Strengths

A clearly written report, with clearly presented code, using a variety of time series techniques to investigate a question of public health interest. Constructive use of ChatGPT to assist the project development without harming the report by over-use.

Points for consideration

  1. “several” seems to be 1.2 million globally or hundreds in NYC, which is more than “several.”

  2. In the introduction, “root causes” are mentioned without explaining what they might be. Additional discussion of the data and the issues at stake would be helpful.

  3. Using the decompose function is unclear as a method if the report doesn’t discuss what it does.

  4. “The ACF shows non-stationarity” is not necessarily true - a decaying and oscillating sample ACF can be consistent with stationarity.

  5. Figures could be numbered and captioned for easier reference.

  6. “verify that the first order difference of the number of people injured from vehicle is stationary.”. To be more careful, we cannot verify that it is stationary, but we can (and do) reject the null hypothesis of a time-homogeneous linear process with a unit root.

  7. When interpreting the AIC table, and choosing ARIMA(4.1,3), look for inconsistencies in the table and for evidence of roots on the unit cicrle, and/or close to canceling. Also, if you choose a value on the edge on the table one may want to explore a bigger table.
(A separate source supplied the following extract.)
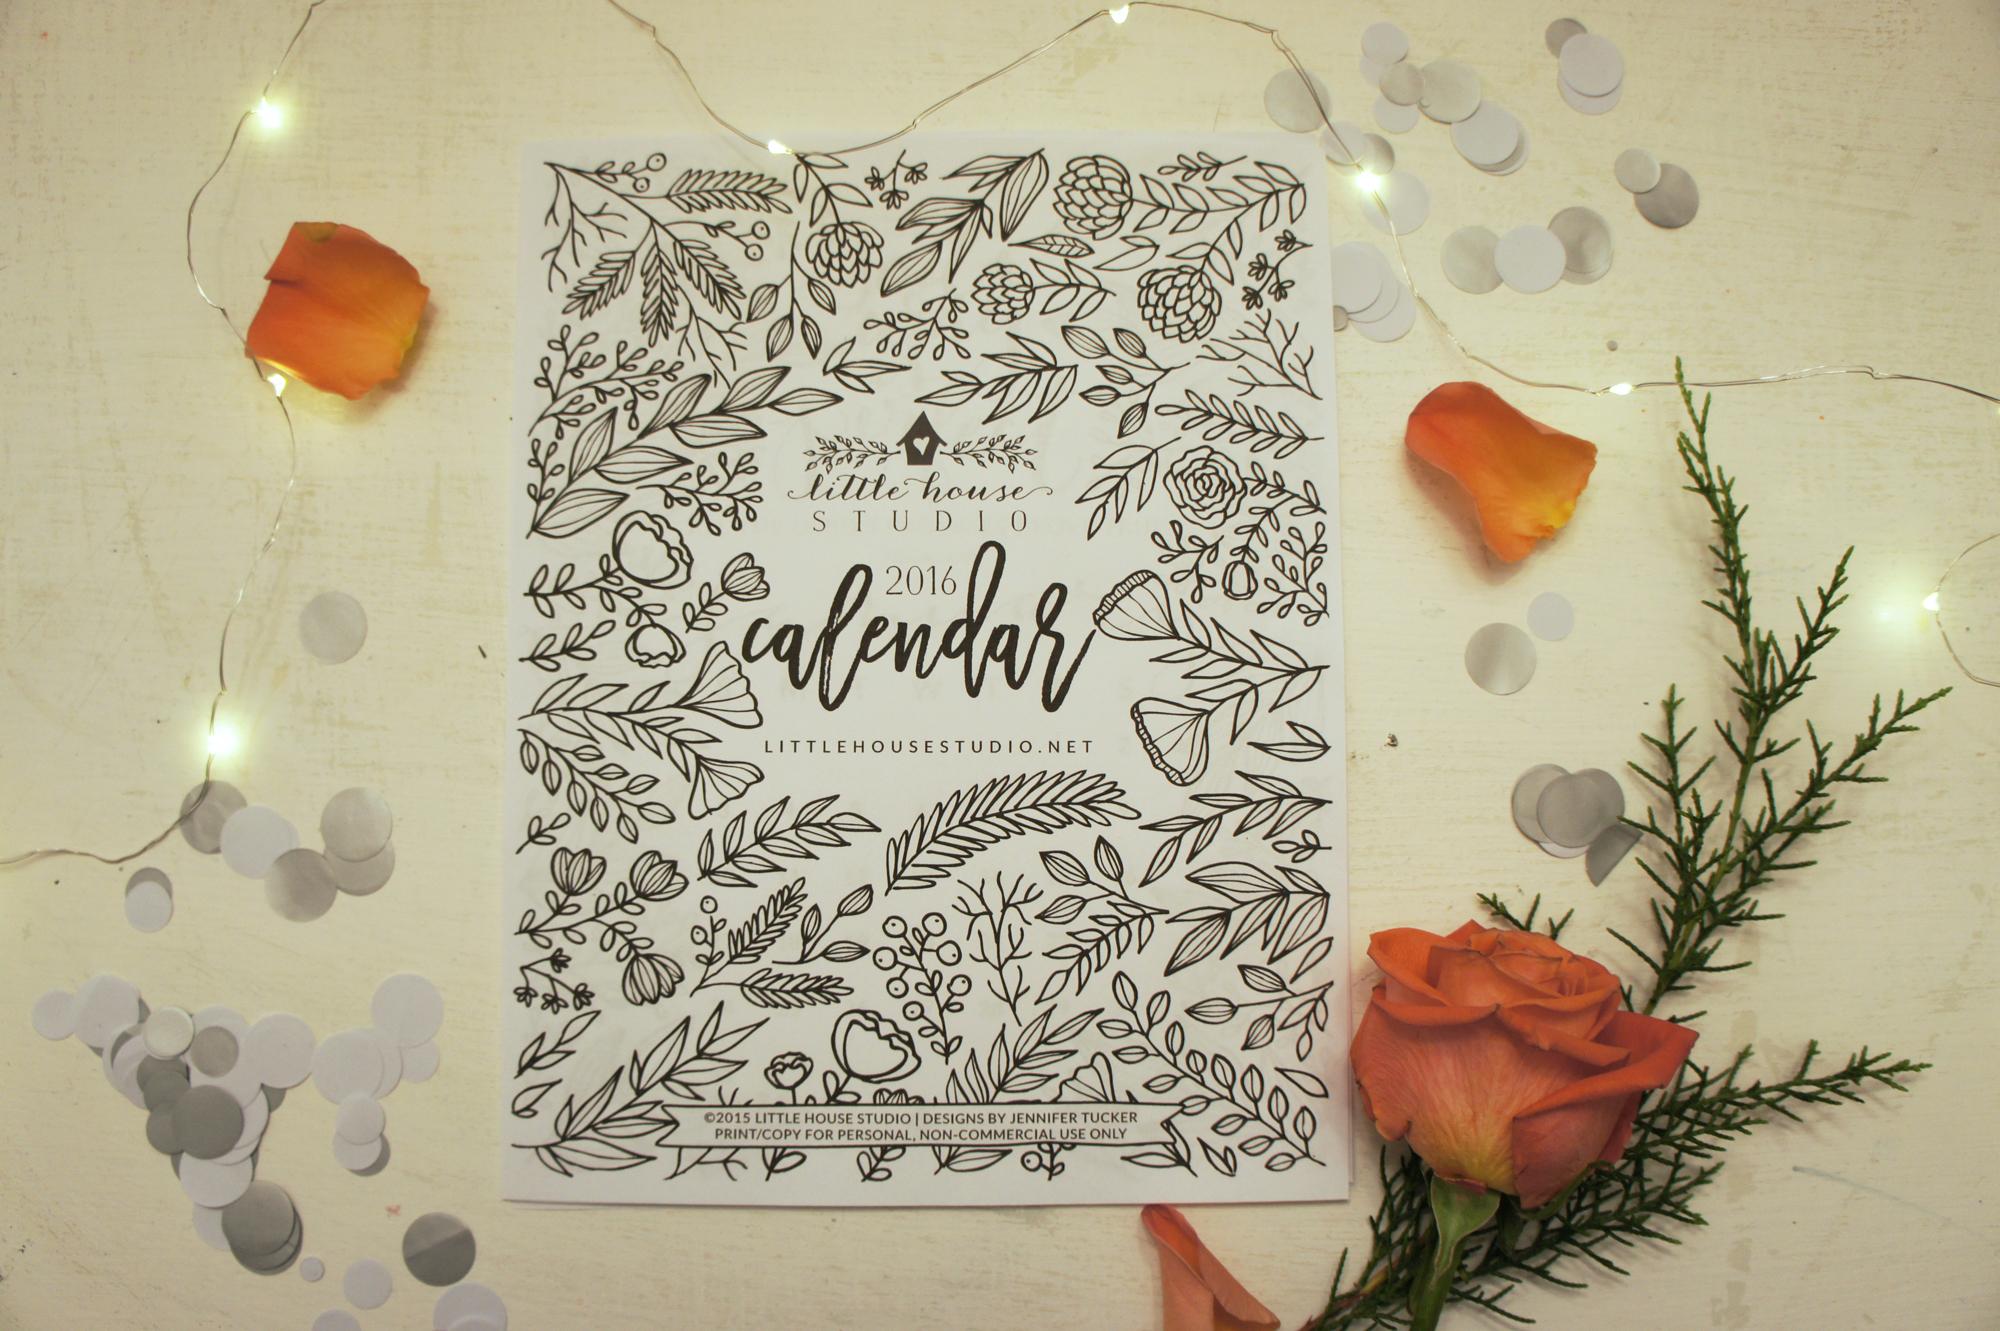 2016 Calendar - Little House Studio

  8. “Unfortunately, we cannot compare the two models by purely using AIC as they are using the different amount of differencing” is wrong because the differencing is the same here.

  9. “residuals… adhering to the zero-mean assumption.” The residuals in a regression sum to zero by construction, not by assumption. It is similar in an ARIMA model.

  10. The greedy algorithm to select \(P=Q=1\) with \(p\) and \(q\) fixed from a non-seasonal model is reasonable, but in what sense does it guarantee “we have established that the \(SARIMA(4,1,3)\times(1,0,1)_{12}\) model best fits the seasonal patterns observed in the data”?

  11. The conclusion says, “highlighting the critical role of data-driven decision-making in public health and safety initiatives”. This does not seem to be supported by the analysis. There is no explanation of how this model may help decision-making, and certainly no evidence provided to explain why such a model is critical for this.

  12. One of the main results is discovery of seasonality, but this could be explained further and discussed: which months have high accident rates, and can you conjecture why?

  13. For visualizing seasonality, the plot of superimposed annual cycles in Project 5 would be a good strategy.

  14. It could be relevant to look for covariate time series, to carry out regression with ARMA errors or cross-correlation or coherence analysis to help understand factors explaining variations in the number of accidents.

  15. There are a healthy number of references. A consistent reference style, such as APA (https://apastyle.apa.org/style-grammar-guidelines/references) could be used.

  16. The clickable format for the figures is not particularly convenient. The version in the text has fonts too small to read.

  17. Additional proof-reading to correct small mistakes would remove distractions for the reader.